Janela para o amor
1962
Depois de cuidar de sua avó até
o fim, Rose fechou a casa e tomou o primeiro ônibus para Porto Alegre. Ela
estava ansiosa, não conhecia a cidade, porém estava cheia de expectativas.
Ela não era mais tão jovem, sua juventude
tinha ficado para trás, enquanto cuidava de sua querida avó, que tinha uma
saúde frágil.
Seu avô tinha sido o farmacêutico de pequena
vila, em que moravam. Sua súbita morte deixou todos perplexos. Agora, que
estava sozinha no mundo, Rose sentia-se pronta para viver a sua vida.
A esperavam na rodoviária o sr. e sra.
Durant, antigos vizinhos de seus avós, eles iram hospedá-la. Rose aceitou a
oferta, com a condição de pagar pelo quarto que ocuparia, assim sentia-se mais
independente.
Ao avistar o imponente prédio, que ficava na
confluência de duas importantes avenidas do bairro, Rose ficou um tanto
temerosa, pois era um prédio de quinze andares. O mais alto do bairro.
Edifício Saturno estava escrito em letras
douradas, em cima da enorme porta de ferro fundido, que dava acesso ao hall do
prédio. Além de uma portaria, haviam dois elevadores.
Rose nunca tinha andado de elevador, e temia
fazer um fiasco...
O apartamento ficava no décimo segundo
andar, e da janela de seu quarto, se descortinava uma linda vista, que abrangia
parte da cidade, assim como a ponte, as ilhas e o maravilhoso rio.
Rose logo soube que ali nunca ficaria
entediada, pois a janela além de iluminar a peça, lhe proporcionava uma bela
visão.
O grande sonho de Rose era estudar francês.
Ela tinha uma sincera admiração pelo povo francês, sua história e sobretudo por
sua culinária. Ela gostava de fazer doces.
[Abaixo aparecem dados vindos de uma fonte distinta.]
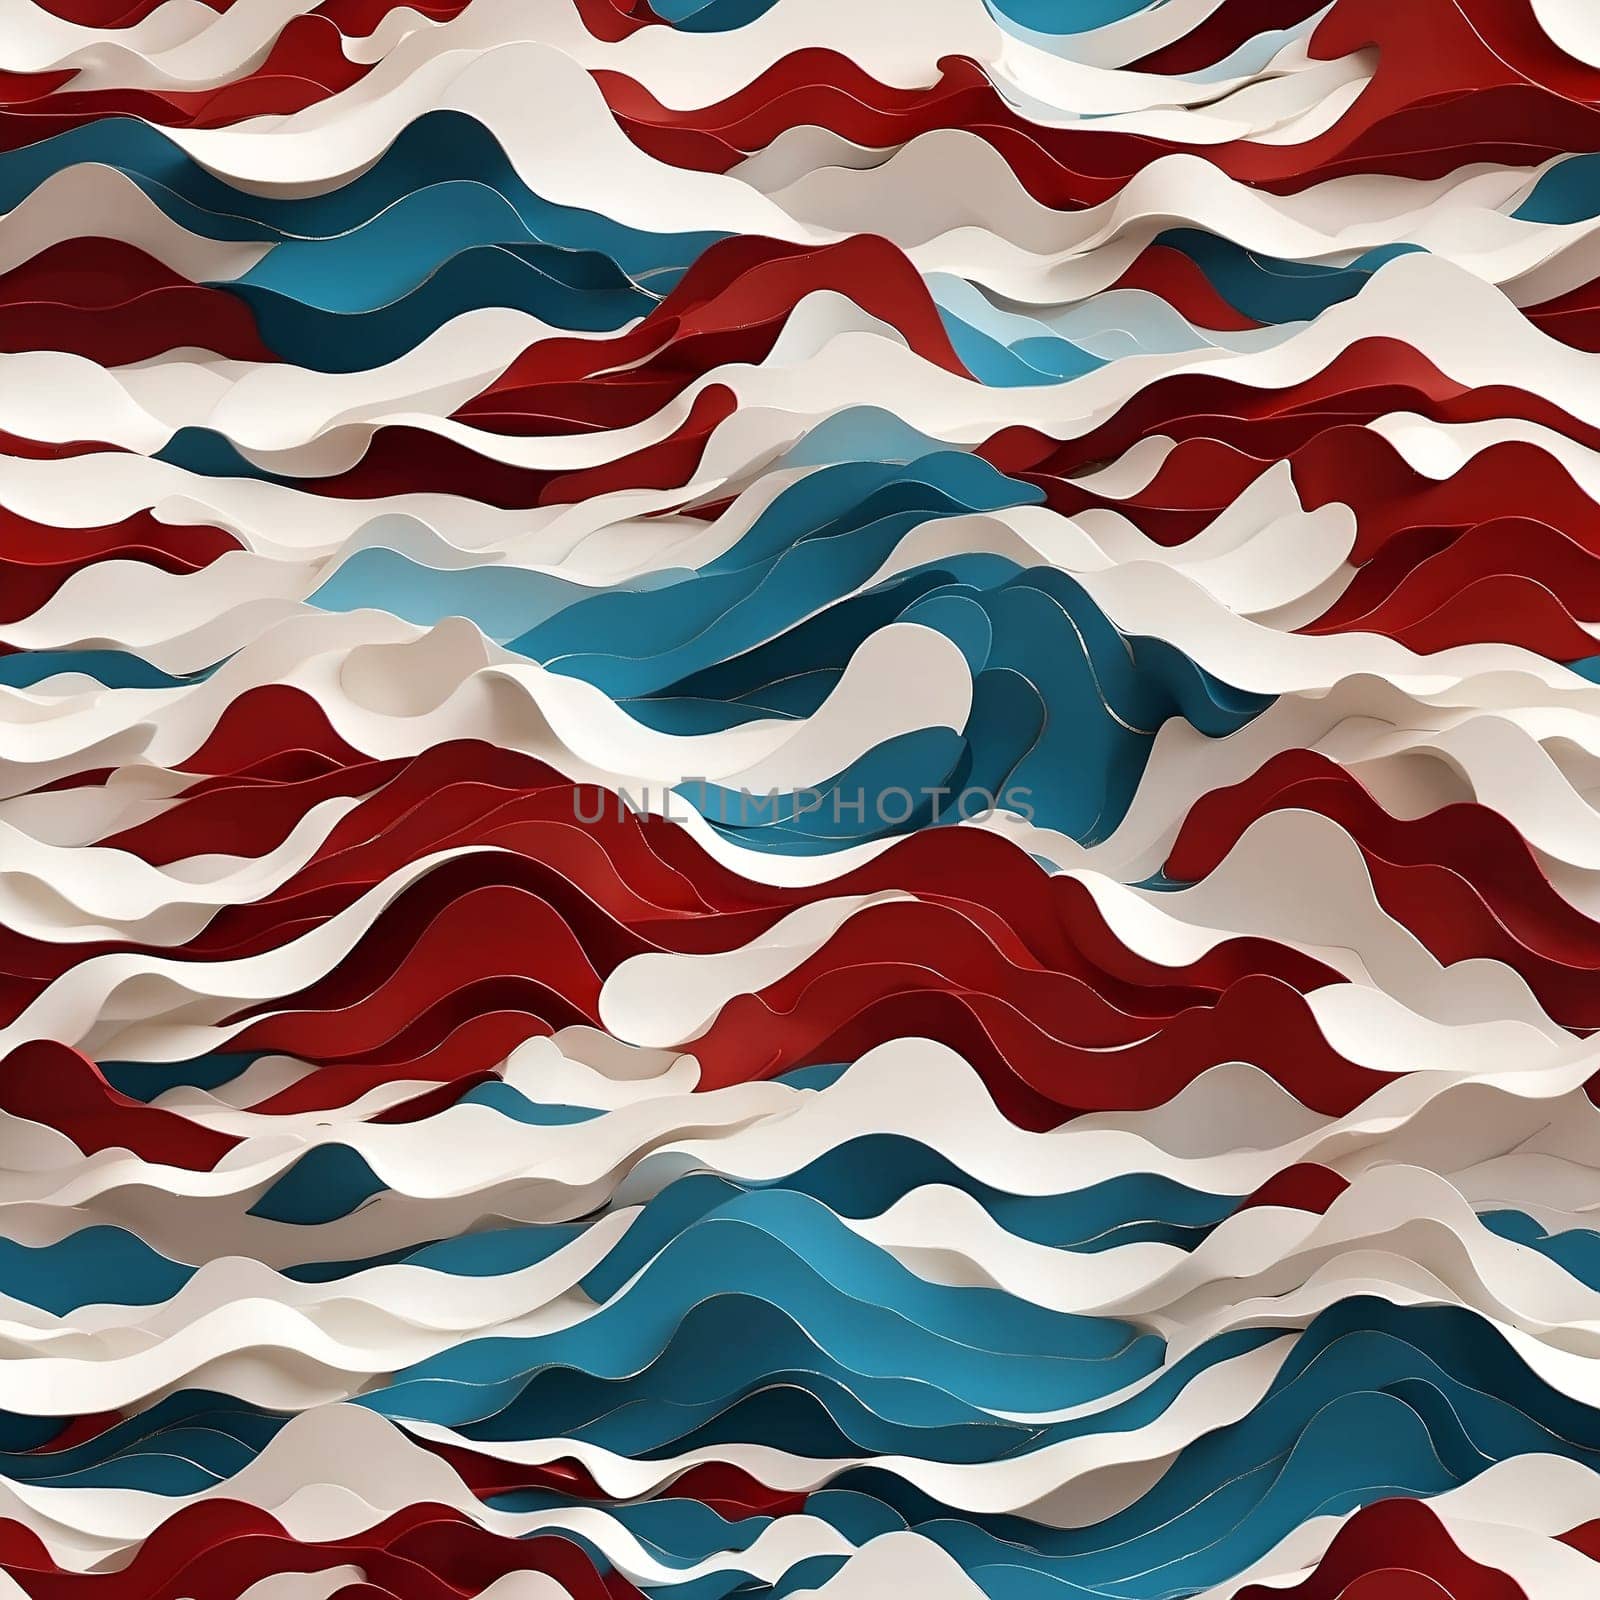 An eye-catching seamless pattern with dynamic waves in red, white, and blue.

Aconselhada pelo sr. Durant, ela
matriculou-se na Aliança Francesa. Estava contente, pois imagina que seria um
meio de interagir com os franceses.
Dias depois, quando chegava ao prédio, Rose
conheceu duas jovens moradoras do prédio, as irmãs: Sandra e Silvia. Ambas eram
simpáticas e acolhedoras. Logo a convidaram para passear pelo bairro e conhecer
o variado comercio que ali existia.
Silvia, a mais velha, estava noiva, e sua
maior preocupação era aprontar o seu enxoval. Sandra tinha conhecido um rapaz recentemente,
no baile da Reitoria. Ela estava muito feliz e esperançosa de iniciar o namoro,
já que ele tinha telefonado duas vezes.
Rose tinha recursos, herdados de seus avós,
mas ela queria trabalhar, só não sabia o que fazer? Como gostava de fazer
bolos, pensou em aceitar encomendas, mas a cozinha não era sua, portanto estava
fora de questão.
A amizade entre Sandra e Rose crescia. As
duas gostavam de olhar as vitrines com as novidades, e sempre terminavam a
tarde na confeitaria Alemã.
Silvia, mais caseira e preocupada com os
seus bordados, não as acompanhava com frequência, no entanto, quando estavam
juntas elas se divertiam bastante, e havia sempre muito assunto e boas risadas.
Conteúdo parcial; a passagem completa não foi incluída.